這一點是近來前所未見的:格朗泰爾在刮掉他的胡子。

這不是說他從來不刮胡子——只是自從至少三四年前,他就開始習慣于不再刻意地讓他的胡子維持整潔狀态。他對自己的形象放任自流,因此長期在流浪歌手和稍文明一點的魯濱遜之間徘徊。每當古費拉克看不下去,聲稱這會影響檢察院的勝率時,他才會草草清理一下那些頹廢的碎發,讓他們随便地維持在一個并不整齊但好歹還看得到皮膚顏色的程度。然而此時此刻:他正在把它們徹底消滅。剃須刀在他臉上的泡沫中推開一片道路,那塊皮膚上此刻已經只剩下隐隐的青色。這實在異乎尋常,不過總的來說,這整個周末都是異乎尋常的。

這整個周末從周五晚上開始。在愛潘妮一邊看着手表一邊匆匆離去之後,那個叫伽弗洛什的孩子抄起手臂、擡頭看着格朗泰爾。

“可以讓我進去了麽?”他說,“雖然我不知道愛潘妮在想什麽,但我猜我只能先和你待在一起了。”

“呃,當然。”格朗泰爾說,向後退了一步,把走廊讓了出來。說到底,他也不知道愛潘妮是怎麽想的——讓他照顧阿茲瑪的孩子!這只能說明她現在真的走投無路了。然而,他還拿不準這孩子對他是怎麽想的。他甚至不知道該說些什麽好。

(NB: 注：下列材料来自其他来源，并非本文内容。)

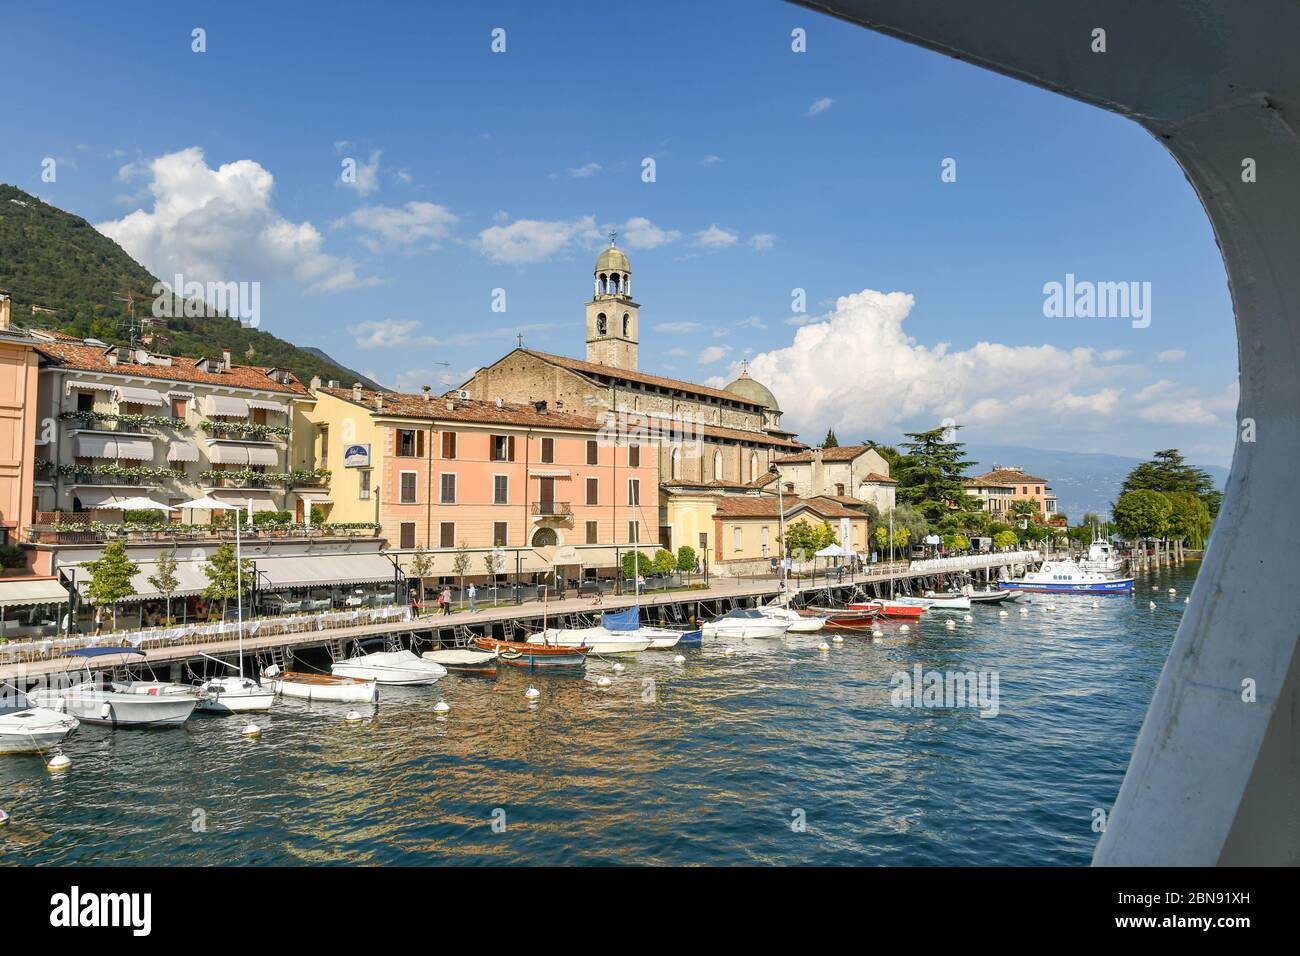 SALO, ITALIE - SEPTEMBRE 2018 : bord de lac de la ville de Salo sur le lac de Garde avec vue encadrée par la fenêtre d'un ferry. Banque D'Images

“謝了。”那孩子說,走進了房間。他以一種巡視軍隊的方式又轉向了安灼拉,“你呢,你是誰?”

安灼拉愣了愣。“我是安灼拉。”他謹慎地說。

“噢。”那孩子說,“你是給殺了德納第老頭的人辯護的家夥。愛潘妮真是把我送來地獄喝茶了。”

安灼拉看起來既受到冒犯又很疑惑。他擡起頭看着格朗泰爾,用口型問道:這孩子是誰?

格朗泰爾嘆了口氣。愛潘妮的妹妹,他用口型說道,她的兒子。

“噢。”安灼拉驚訝地發出了一個輕嘆。他低下頭去看着那個孩子,格朗泰爾看出他的眼神裏出現了一種克制的慈悲和憐憫。

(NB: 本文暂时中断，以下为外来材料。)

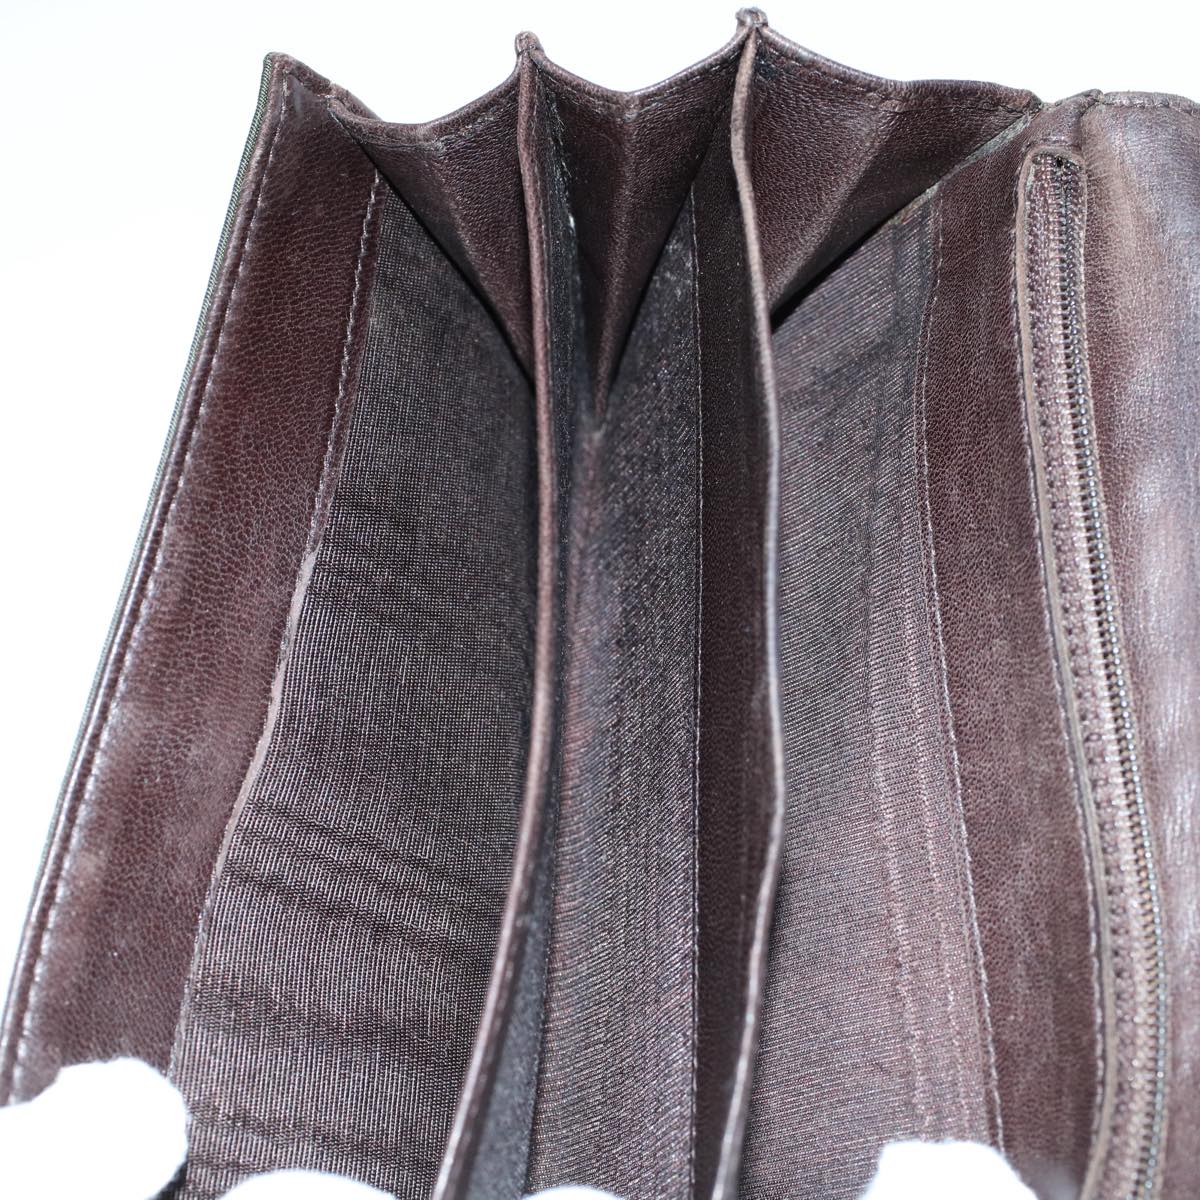 PRADA Wallet Leather nylon 4Set Black Brown Auth fm2988

伽弗洛什看了一眼安灼拉——這少年老成的孩子明顯也認出了那種神情。

“電視在哪裏?”他大聲說道,“你有付費頻道麽?”

“在那兒。”格朗泰爾連忙指給他看,“但你最好別看付費頻道。”

“謝了,格朗泰爾。”那孩子說,仿佛沒聽到他的後半句話。他用一種非常尊嚴地方式走開了,脫掉鞋子、爬上沙發、然後打開了電視。音響聲立刻充滿了整個房間。

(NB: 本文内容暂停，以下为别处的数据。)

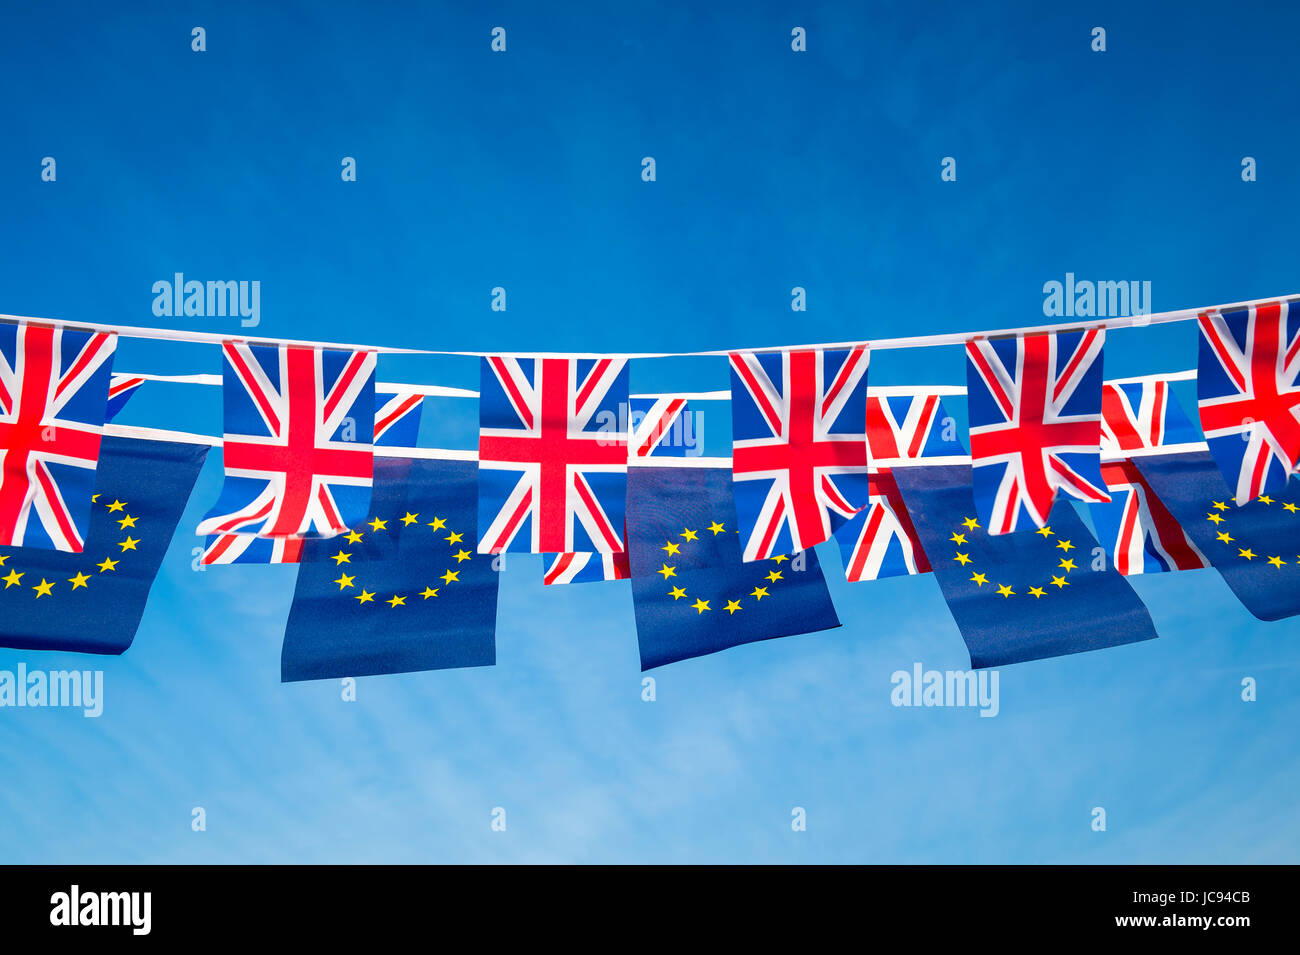 Unión Europea y británica bandera Union Jack bunting volando en el cielo azul brillante en una declaración de la UE Brexit negociaciones Foto de stock

“好吧,這事兒就是這樣。”格朗泰爾嘆了口氣,他走向安灼拉,“很抱歉我沒問你的意見就同意愛潘妮把他放在這兒。不過,只是一個周末。”

安灼拉搖了搖頭。“沒關系。”他說,“你本來就沒必要問我,這是你的房子。如果你需要的話,我可以搬走把客房騰出來。”

“當然不用!”格朗泰爾立刻說道, “沒那個必要。我打算把書房騰出來。而且……我也不知道怎麽單獨和這孩子相處。你留下也算是幫我忙了。”當然,難以面對阿茲瑪的兒子是一回事,他想。更重要的是,他不想讓安灼拉搬走。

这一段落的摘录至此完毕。